### What you have to do:
Beginning with the line that contains "Screens: Generator Rex: Agent of Providence" and ending with the line that contains "Closeup woman hand", reproduce the lines of the entries below exactly, omitting pictures.

### Records for processing:
____
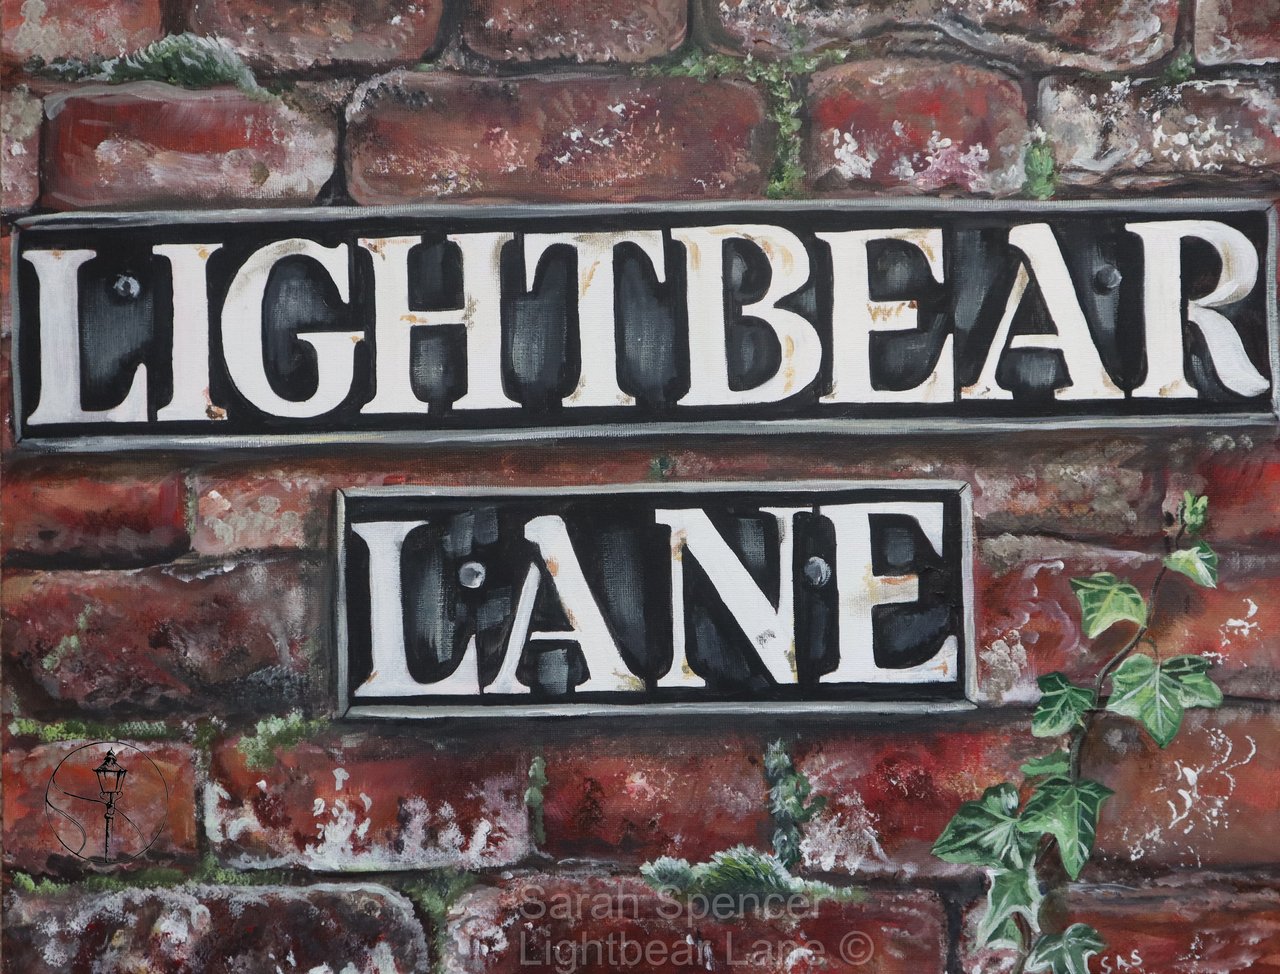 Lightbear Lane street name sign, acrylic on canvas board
____
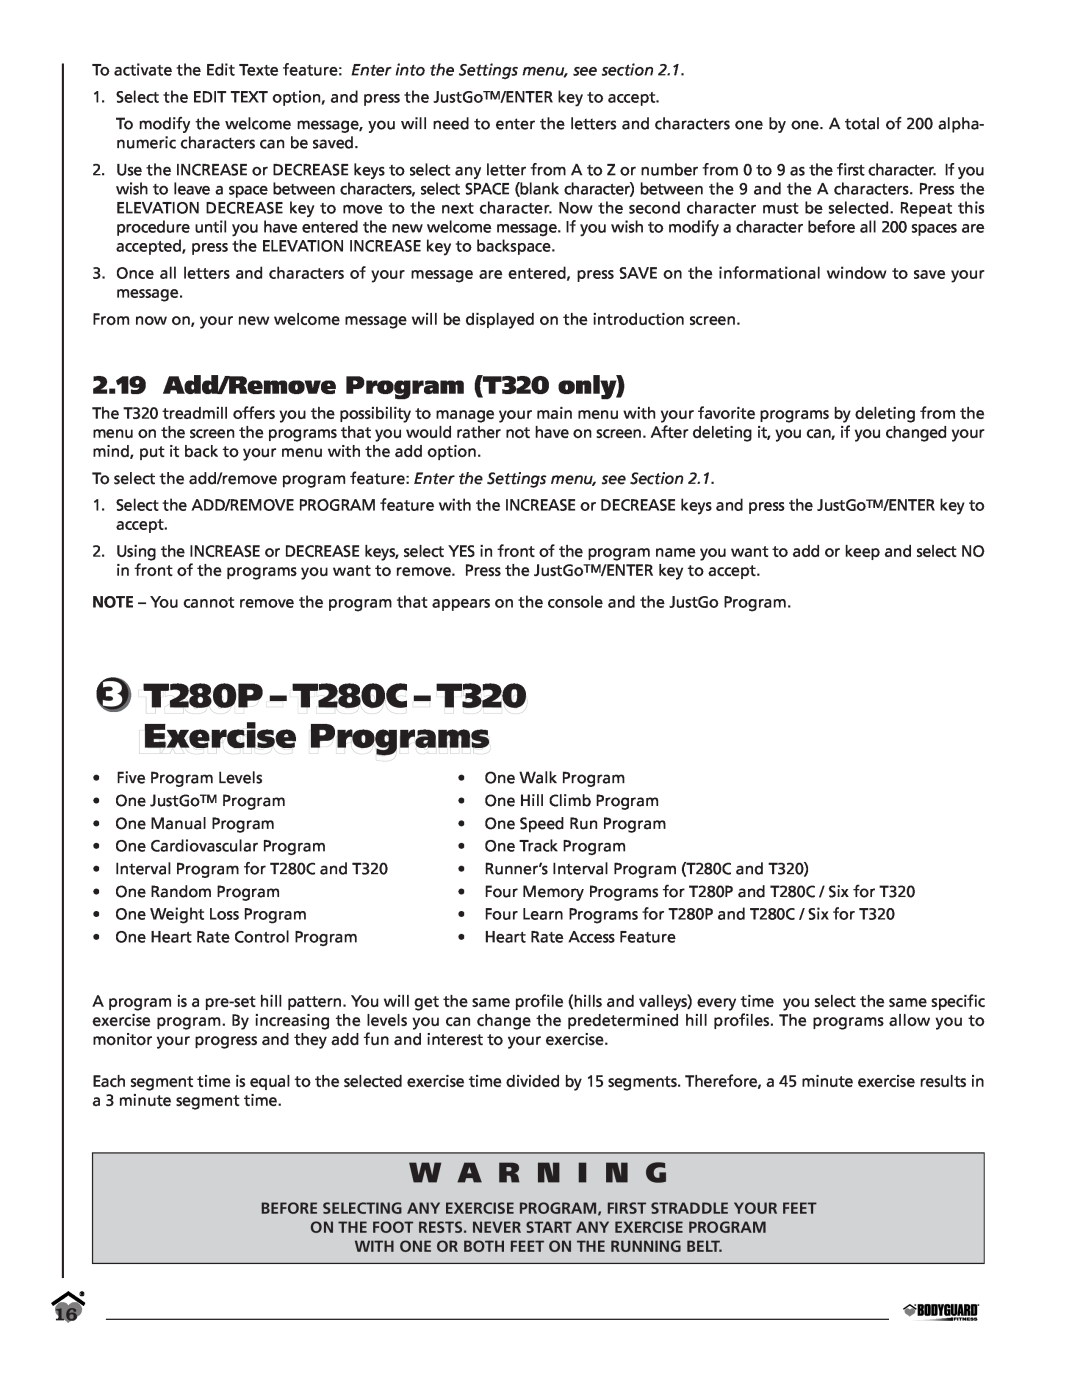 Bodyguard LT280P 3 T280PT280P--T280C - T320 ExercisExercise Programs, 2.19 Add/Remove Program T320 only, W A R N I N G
____
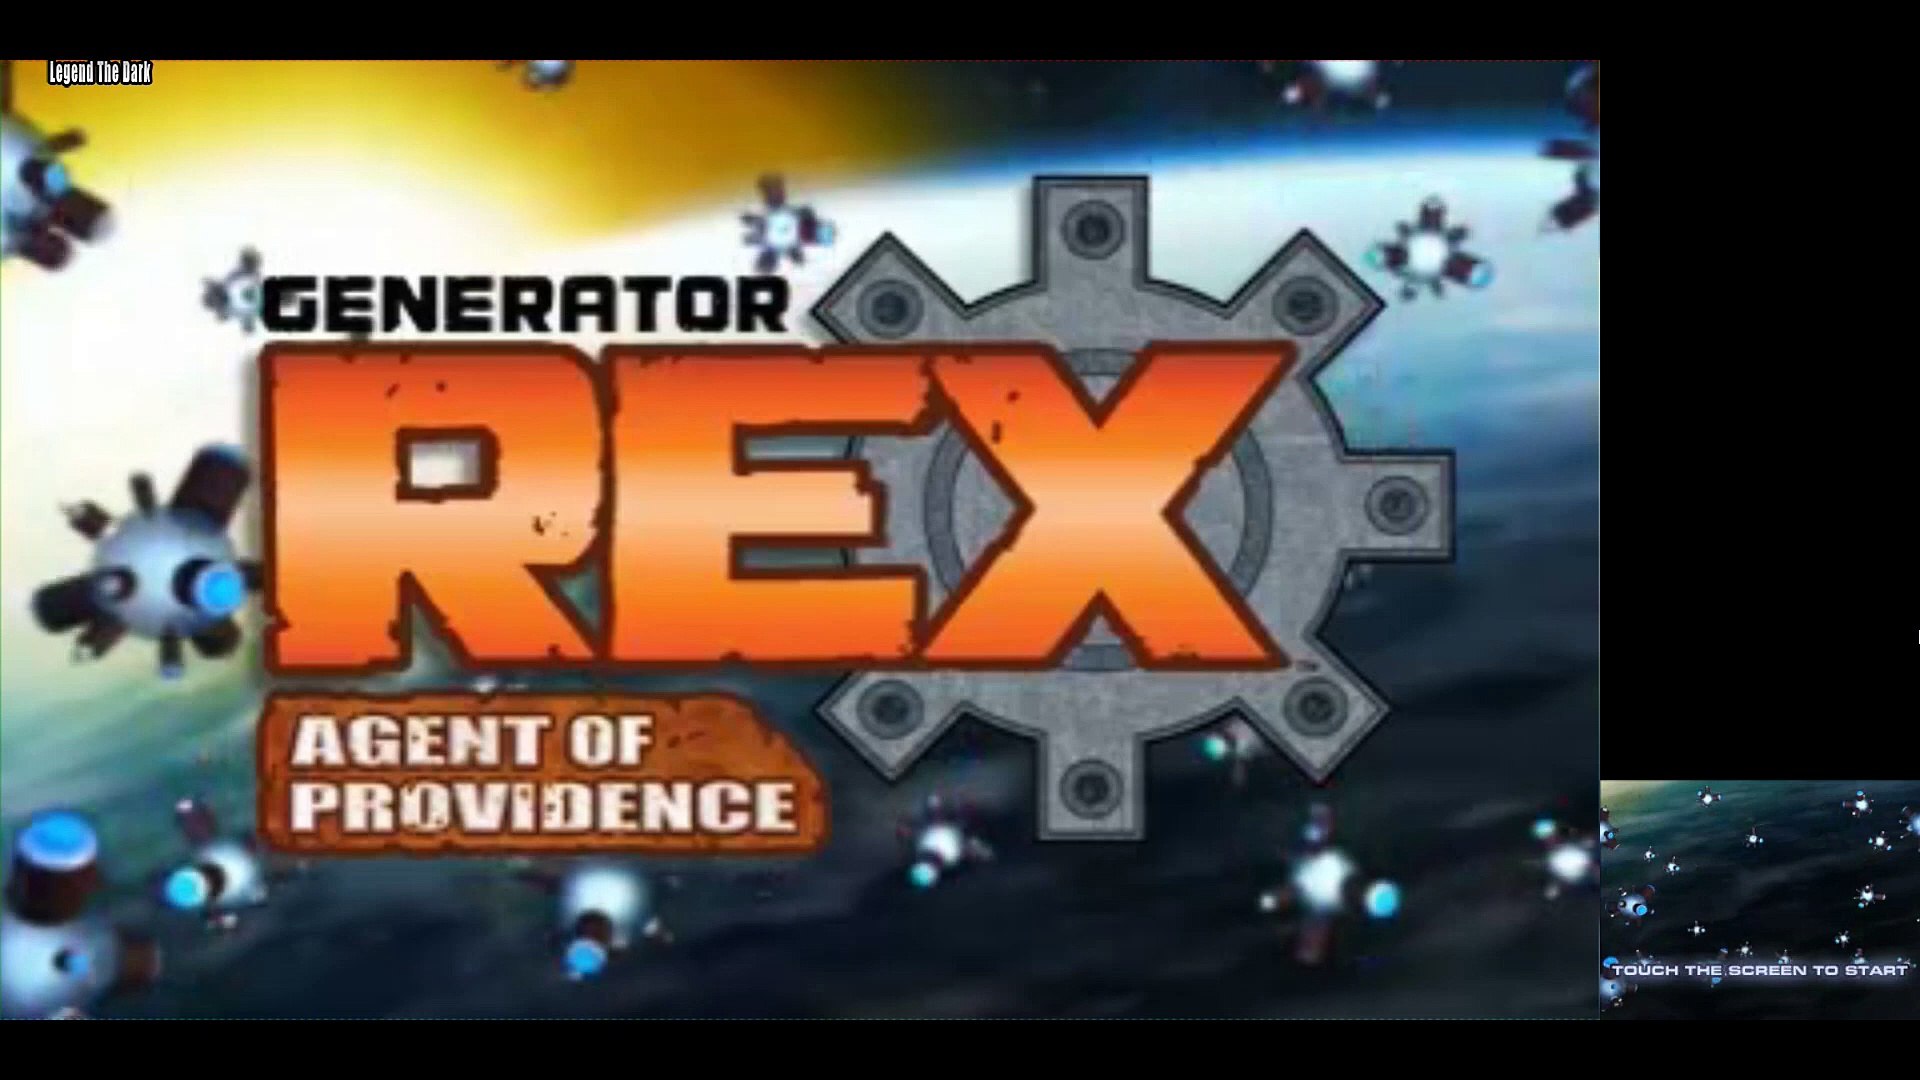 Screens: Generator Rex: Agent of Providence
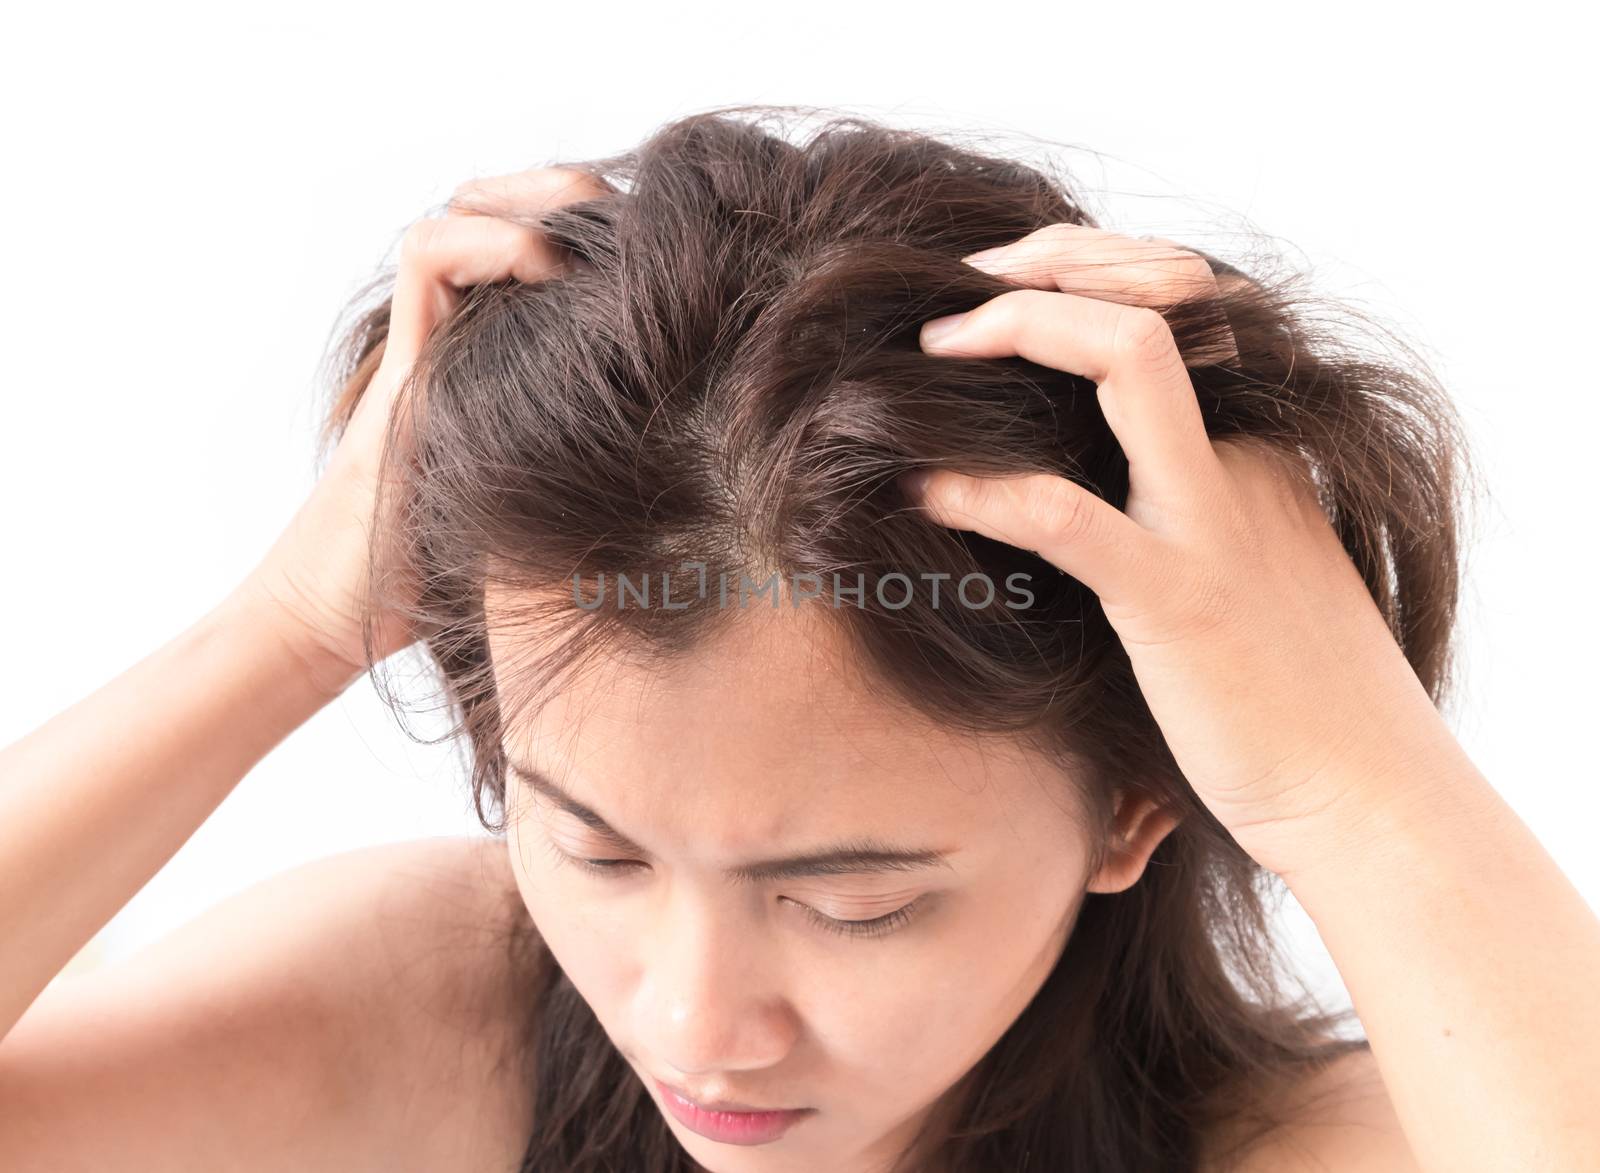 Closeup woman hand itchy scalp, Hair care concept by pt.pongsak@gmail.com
____
### Response for this exercise:
 Screens: Generator Rex: Agent of Providence
 Closeup woman hand itchy scalp, Hair care concept by pt.pongsak@gmail.com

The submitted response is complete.